KYSO Flash
Knock-Your-Socks-Off Art and Literature
Issue 8: August 2017
Flash Fiction: 981 words

Under the Ceiling

by Kathryn Kulpa

In a movie I saw as a kid someone asked a girl what she wanted to see on her honeymoon—like, Paris or Rome or something, you’d expect her to say—but instead she said, lots and lots of beautiful ceilings.

And like so many things I half understood as a kid I vaguely sensed that this was “dirty,” that it meant something risqué and adultish. When I asked my mother, she pretended a bland ignorance and said the girl was just “being silly.” Later, I asked my cousin Beth, but she had no insight to share. I hadn’t expected she would. She was not just my cousin but my best friend. Our mothers, two sisters, had been pregnant together, and so we were twins, of a sort, born one month apart, sharing clothes and books and chicken pox. We found things out together, not apart.

But ceilings meant something, I knew, because of that song “Hotel California,” where you could check out any time you liked but you could never leave, and how it had mirrors on the ceiling, and so I took to watching ceilings, noticing them, and it’s a funny thing, but most people never do. Maybe they try not to. Sometimes looking up is scarier than looking down. A crack in the ceiling might look like a goblin king’s head or an alien’s beckoning claw. There might be furry things growing in the corners, and spider webs, and sometimes even spiders that dangle.

Spiders that dangle could scare anybody.

When I was thirteen years old we took a family vacation to Maine. Beth came along, my surrogate sister, and that year, for the first time, we were allowed a motel room of our own, without parents. The year before, sleeping in the double bed only a few feet away from my father, I’d gotten my period. I wondered if that was why. I remembered cringing in embarrassment, waiting until my dad was in the shower to tell my mom, worrying about the housekeeper seeing the sheets, even whispering to my mother that we should throw them out, buy a new set and switch them. She insisted that motel housekeepers saw “all kinds of things.” Still, that year, we were growing up and “needed some privacy.”

To celebrate, we planned a party for that first night. We wouldn’t sleep at all; we’d stay up all night, making mix tapes out of radio songs on my boom box, telling ghost stories, playing truth or dare, and sharing vending-machine junk food. Earlier that day we walked to a fruit stand down the road, bought black-red cherries, and practiced spitting the pits across the room, aiming for but seldom reaching the wastebasket. We popped a tape into the boom box and recorded ourselves singing. Beth produced a squashed cigarette pack from her backpack—she’d found it in her brother’s room, she said—and we took turns smoking, trying not to cough, waving the smoke out the window. What if it set off the fire alarm, Beth said, and we looked up to the ceiling, where the smoke detector’s single red eye didn’t blink.

We watched that red eye, lazy twists of smoke drifting past our heads, and saw two odd dangling wires next to the smoke detector. At first I thought of a spider, but they were bigger than a spider’s legs—at least we hoped so—and we speculated on what they could be, red and black wires for a ticking time bomb that would blow us up if we didn’t guess right about which wire to cut to disable it, or some kind of evil, spindly-legged creature that lived in the ceiling. One of the stories we liked to tell was about a tiny demon called Enoch that lived in a man’s brain and made him kill people, and when a lawyer tried to trick him and asked the man to give him Enoch, the man agreed. Then the lawyer felt something crawling inside his own brain, and screamed...

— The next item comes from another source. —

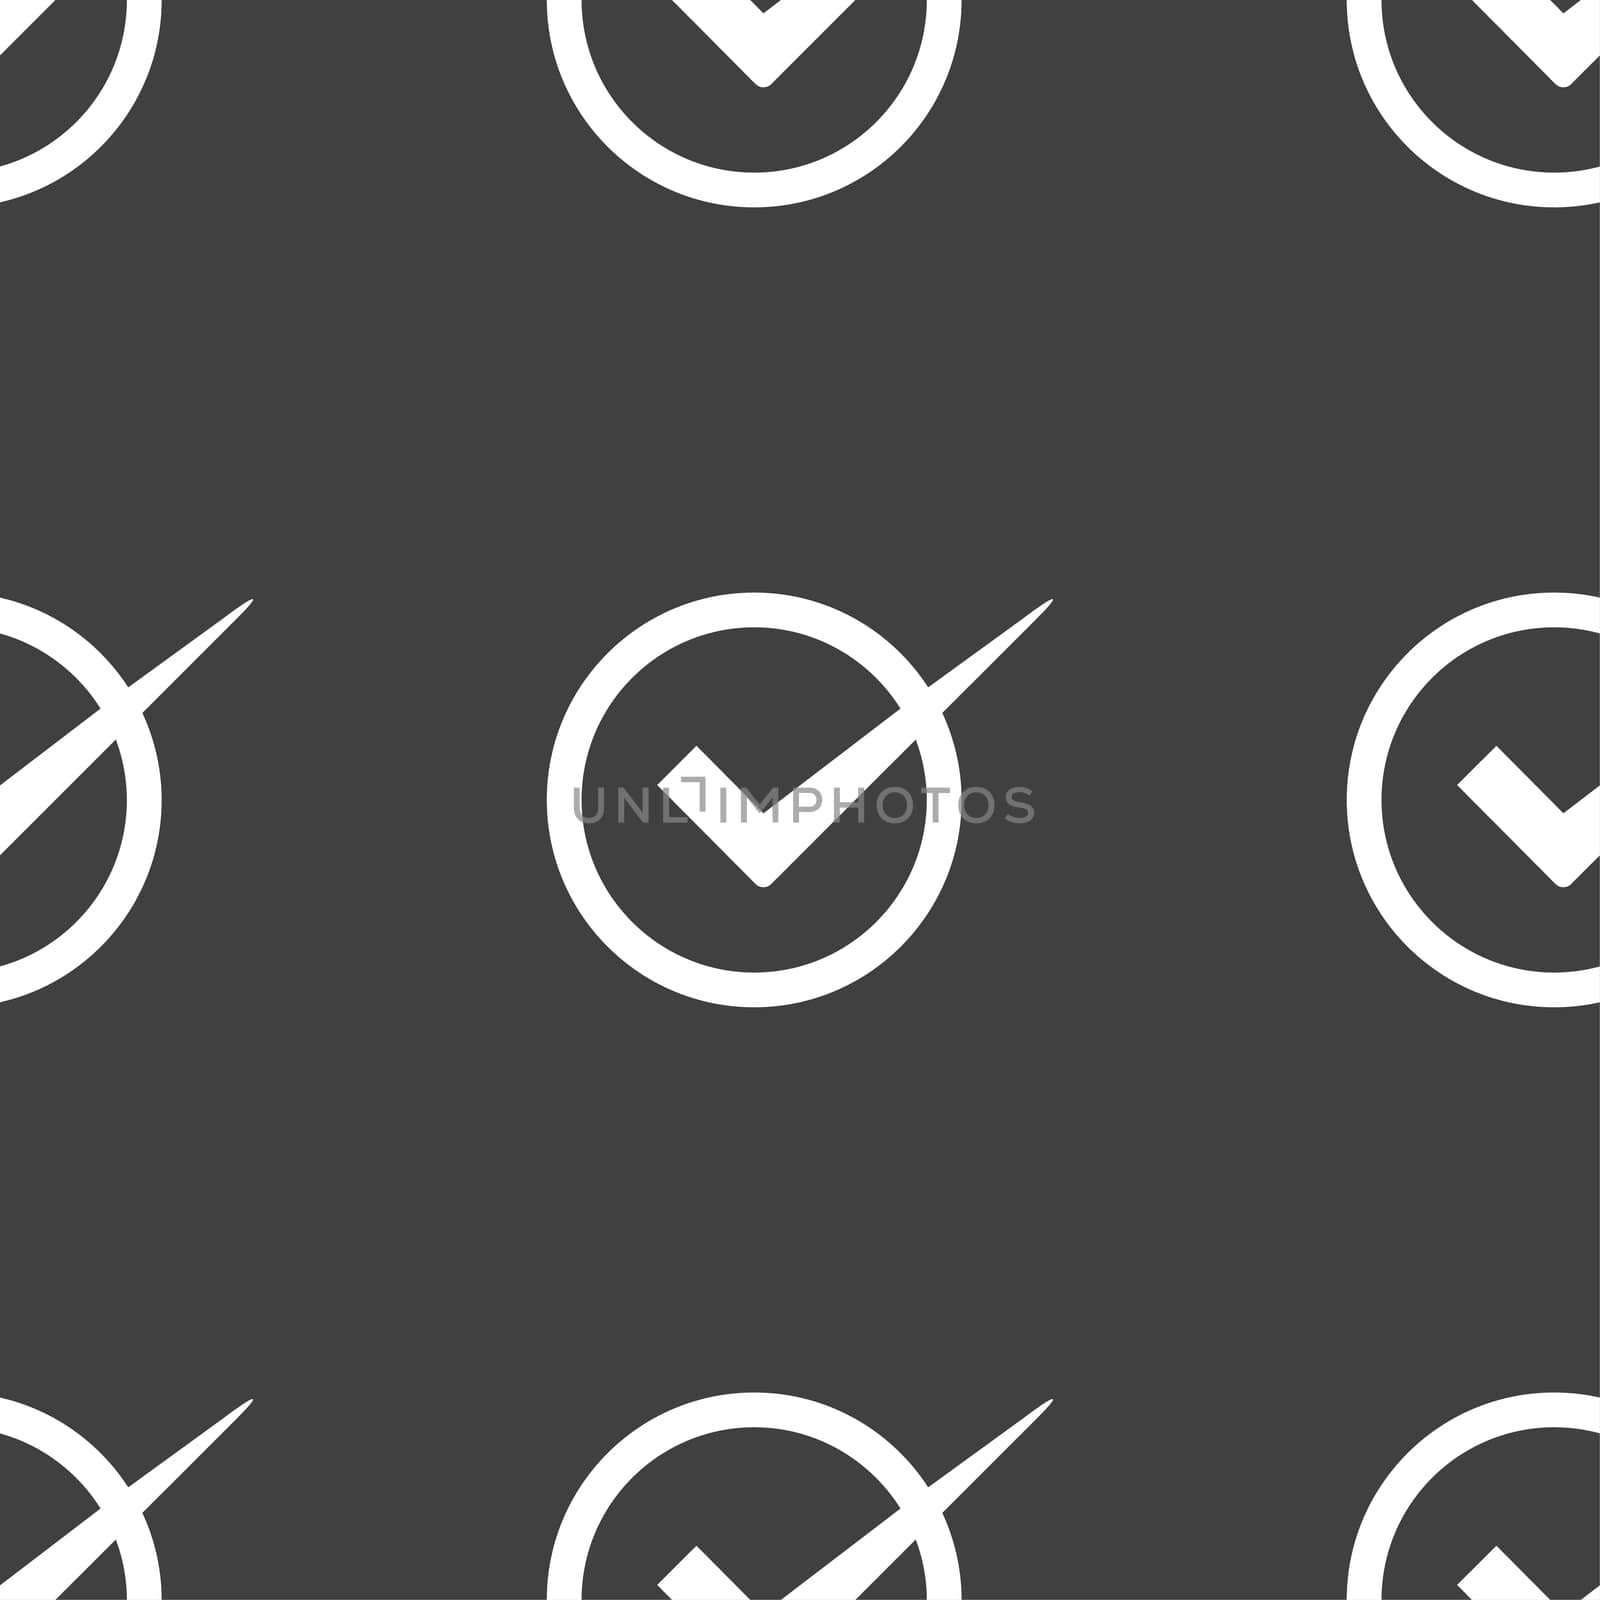 Check mark sign icon. Checkbox button. Seamless pattern on a gray background. illustration

But there wasn’t an Enoch. Not really. The man in the story was just crazy. And the wires dangling from the ceiling were just wires, not Enoch’s legs, not the spindly legs of a tiny demon crouching behind the smoke detector just above our bed, staring, watching us, getting ready to pounce and crawl inside our heads to eat away our brains. We heard, or thought we heard, a scraping, shifting noise.

“It’s Enoch,” I whispered. “He could be up there right now. Waiting for us to fall asleep.”

And in the silence that followed, we heard a noise. A sneeze.

We screamed, and scrambled off the bed, ran to my parents’ room next door, to tell them about the red light, the sneezing demon in the ceiling, its legs dangling over our heads. We were so scared we didn’t stop to worry they’d find out we’d been smoking. As it turned out, in all the uproar, they never did.


The man who worked at the motel was arrested. He had many more videos he’d made of people in bed. I wondered if ours ever made it to court. If people saw us, two girls in nightgowns in a half-dark room, singing along to the radio and telling ghost stories about little creatures in the ceiling. If it made them wonder how many other scary stories came true.

Years later, discussing the aftermath, we both confess to a vague uneasiness in public spaces, a tendency to look for and avoid cameras, a nagging sense that our bodies are not wholly our own but things separate from ourselves, objects that could be captured and consumed without our knowledge or consent.

Sometimes even now, under a bright and open sky, I catch myself looking up, waiting to feel the brush of those wiry legs against my skin.